DESCRIPTION OF SYMBOLS 1 Vehicle lamp 2 Housing 3 Outer lens 4 Lamp chamber 5 Lamp module 6 Semiconductor light emitting element (light source)
7 Extension 8 Transmission fiber 9 Phosphor 10 Lens 11 Heat sink (heatsink)
11a Heat sink base 11b Heat sink fin 12 Substrate 13 Radiation base 14 Duct 14A Duct air intake 14B Duct heat sink (vertical part)

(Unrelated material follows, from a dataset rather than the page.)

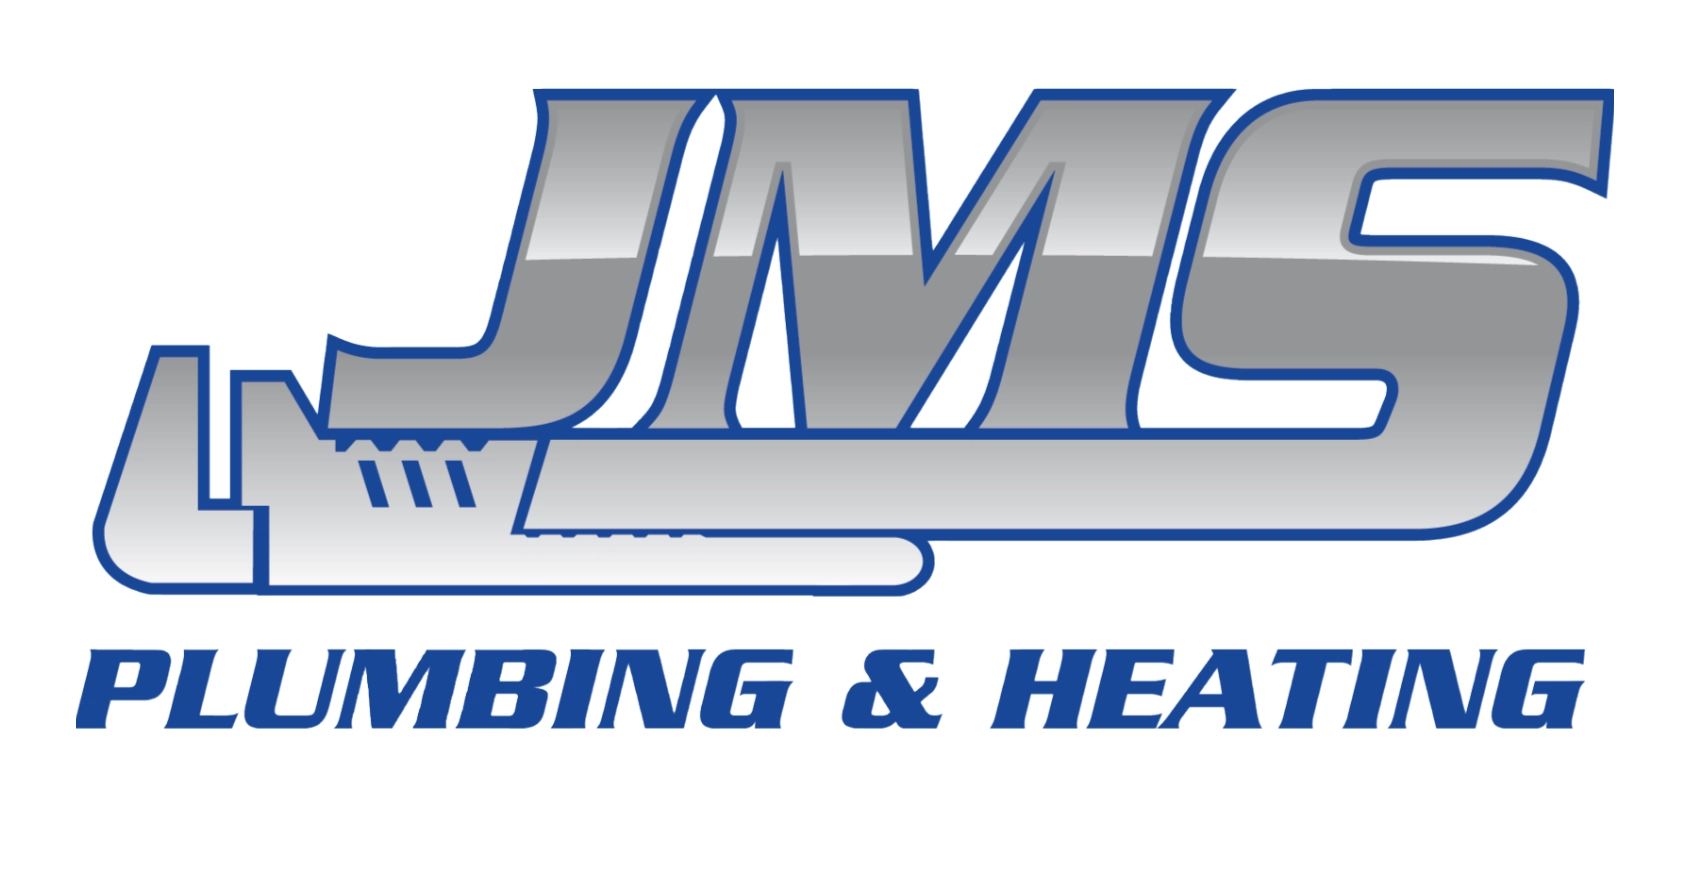 JMS Plumbing Logo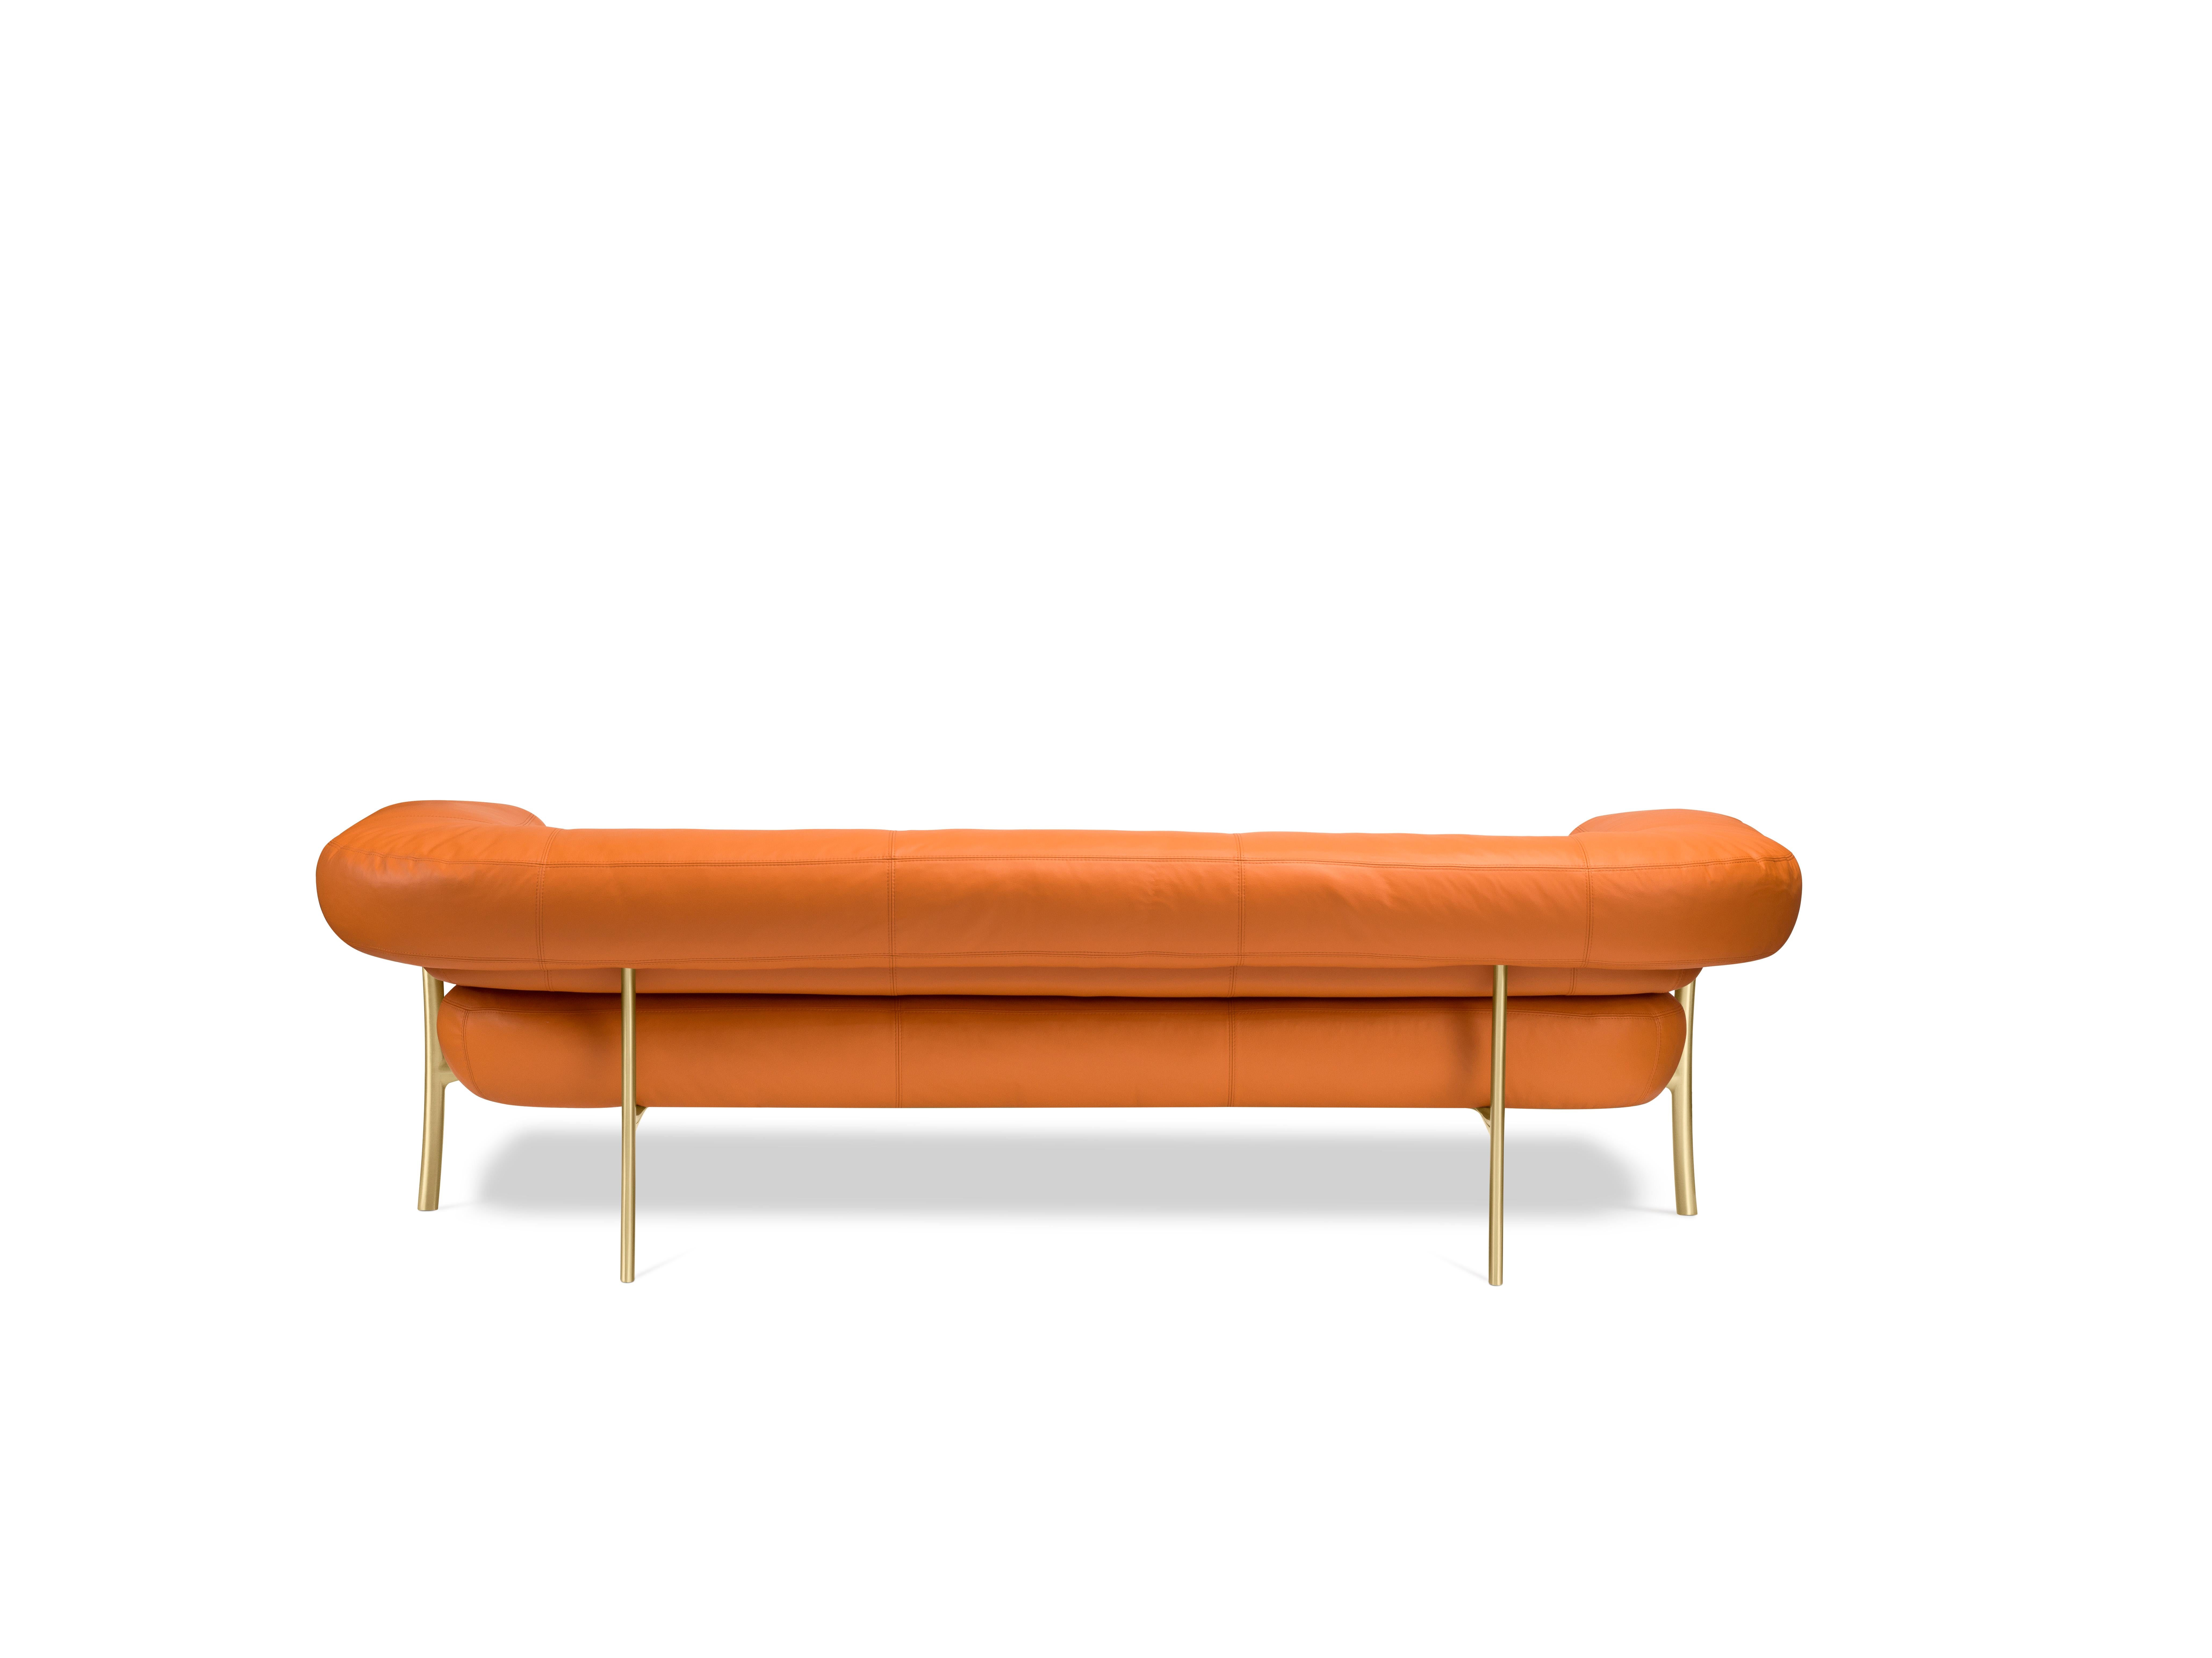 Bei dem Sofa Katana hat Paolo Rizzatto als raffinierter und erfahrener Designer die Proportionen der Strukturelemente des Produkts mit großer Sorgfalt gewählt. Beim elliptischen Bein wurde jeder Millimeter entworfen und kalibriert, ebenso wie das

14C Duct Exhaust Portion 14a Duct Inlet Port 14b Duct Exhaust Port 20 Vehicle 21 Front Grill 22 Front Bumper 23 Bonnet 24 Windshield 25 Front Wheel h Duct Exhaust Height 26 Side Mirror Tex: Average Air Temperature Tout: Duct Exhaust Portion Tout : Temperature near the exhaust port of the duct

Claims (5)

A heat dissipation structure for a vehicular lamp including a light source and a heat radiator that dissipates heat generated by the light source, wherein an intake portion having one end opened as an intake port, a heat release portion extending in the vertical direction, and one end opened as an exhaust port The heat radiator is installed in the heat radiating portion of a duct including an exhaust portion, and heat radiation of the heat radiator is promoted by air that flows into the duct from the air inlet and is exhausted from the air outlet. In the heat dissipation structure of the vehicular lamp to be cooled,
A heat dissipating structure for a vehicular lamp, characterized in that a difference is provided in the heat insulating properties of the wall surfaces of the air intake part, the heat dissipating part and the exhaust part of the duct.   The exhaust part of the duct is disposed across the engine room side and the front grille side of the vehicle, and the heat insulation of the wall of the intake part and the heat radiating part of the duct is set high, on the engine room side of the exhaust part 2. The heat dissipation structure for a vehicular lamp according to claim 1, wherein the heat insulating property of the wall surface of the portion located is set low, and the heat insulating property of the wall surface of the portion located on the front grill side of the exhaust part is set high.   The duct is disposed on the front grille side of the vehicle, the heat insulating property of the wall surface of the air intake part of the duct is set high, the heat insulating property of the wall surface of the heat radiating part is set low, and the heat insulating property of the wall surface of the exhaust part is set. 2. The heat dissipation structure for a vehicular lamp according to claim 1, wherein the heat dissipation structure is set high.   A heat dissipating structure provided in a vehicle having a low engine room temperature, wherein heat insulation of the wall surface of the air intake part of the duct is set high, heat insulation of the wall surface of the heat dissipating part is set low, and the wall surface of the exhaust part The heat dissipation structure for a vehicular lamp according to claim 1, wherein the heat insulating property of the lamp is set high. The heat dissipation structure for a vehicular lamp according to any one of claims 1 to 4, wherein an exhaust port of the duct is opened between a front grill of a vehicle engine room, a condenser, and a radiator.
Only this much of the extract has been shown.